The two core issues surrounding pharmacovigilance are drug safety and the reputation of pharmaceuticals. Which one of those needs to be sacrificed does the time arise, is a million dollar question. The reputation, it should be. Compromising drug safety puts millions of patients at risk. Reputation can be back, but life, once gone, never returns, and so is Vivian’s mother. Even then, the reputation of GSK seems to be untouched. Vivian’s mother did have a history of cardiovascular illnesses, but still she was on the death drug for over eight years. Such an issue was never raised during any of the trials of Avandia. It is thanks to pharmacovigilance that the root cause analysis was performed and the association between Avandia and edema and myocardial infarction was established. If not completely, at least it has rung the bells at the FDA. It was no doubt too late for Vivian’s mother, but the information has the potential to save millions of life, now that the correlation has been ascertained.
However, some issues in the meta-analysis also need to be addressed. The study combined data of 42 different clinical trials. Trials with different outcomes, disease states, patients, duration and many other differentiating factors have been combined to pool in the data. The data from varying trials can be sometimes conflicting. GSK argues, the most reliable way to assess the long-term safety of the trial is to conduct a long-term safety trial. Three long-term safety trials of Avandia have been conducted by GSK. Namely; ADOPT (A Diabetes Outcome Progression Trial), DREAM and RECORD. The studies back Avandia’s safety profile. No more than a minimalist increase in risk has been noted in one of the studies. Again, as Avandia is known to control the blood sugar level for a longer time, it said to have benefits outweighing the risks.

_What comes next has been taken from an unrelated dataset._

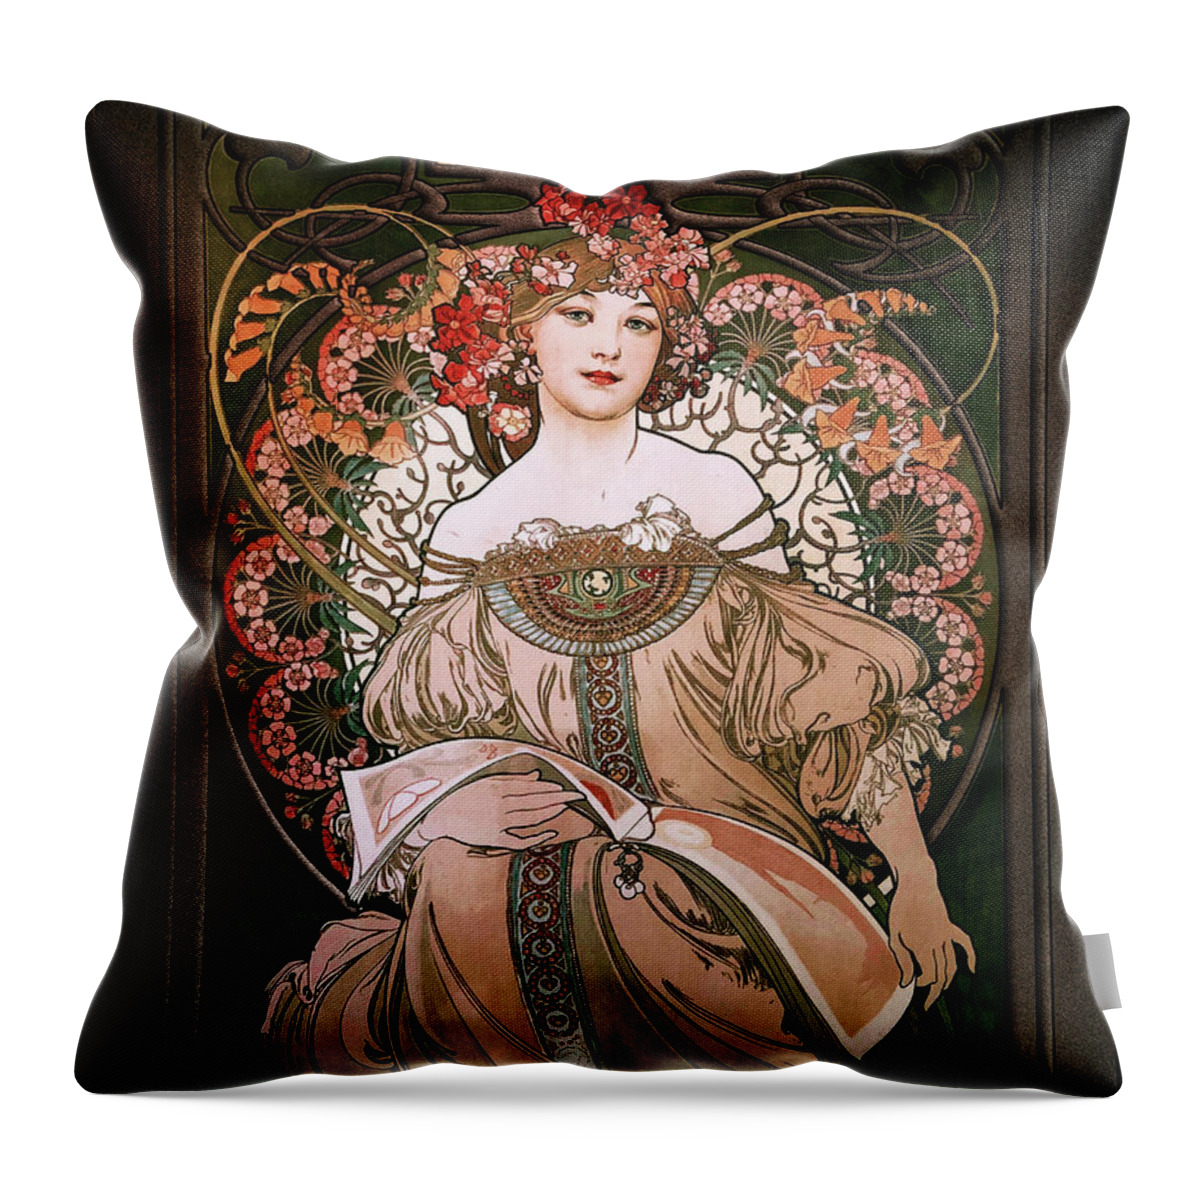 Daydream Throw Pillow featuring the painting Daydream by Alphonse Mucha Black Background by Rolando Burbon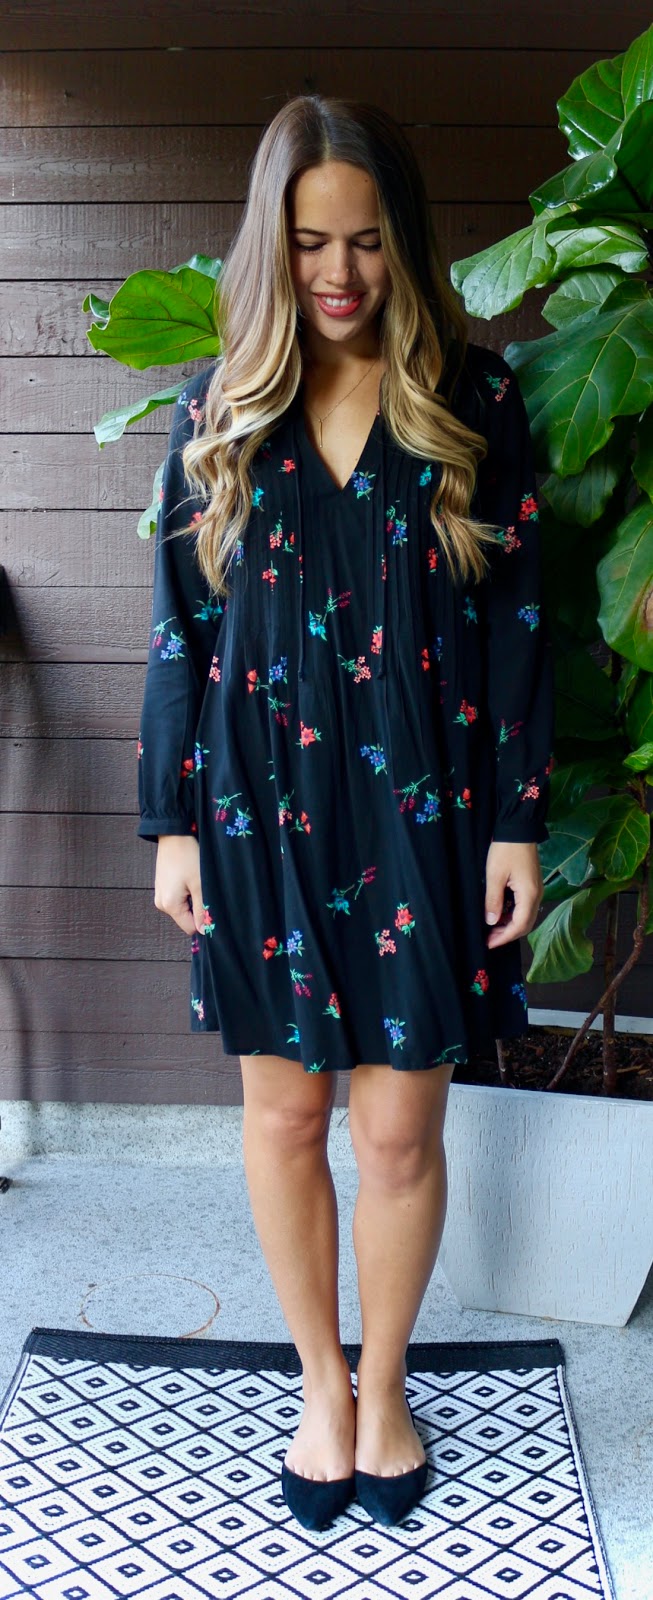 Jules in Flats - Old Navy Floral Swing Dress (Business Casual Fall Workwear on a Budget)

The conflict will always remain. However, in such a scenario, the safety of patients should not in any way take a back seat. Sponsors and regulatory authorities along with consumers and healthcare professionals equal should take serious and committed steps to improve pharmacovigilance. The authenticity of the safety profile of Avandia will be demonstrated over time. But in any case, the death of Vivian’s mother cannot be reversed, not by me, nor by GSK nor by the FDA.
The coming years are bound to be very interesting on the pharmacovigilance front. The techniques regulatory agencies mandate to make PV more stringent will be worth waiting for. Sponsors will have to invest more money to establish the safety profile of the drug. Awareness among patients has to be created for better reporting of ADRs. The current approach to drug development focuses an intensive, strong and time-consuming pre approval process, but a similar standing is required post approval also. The transition from research to marketing has to be more governed with the research step not stopping at the marketing juncture.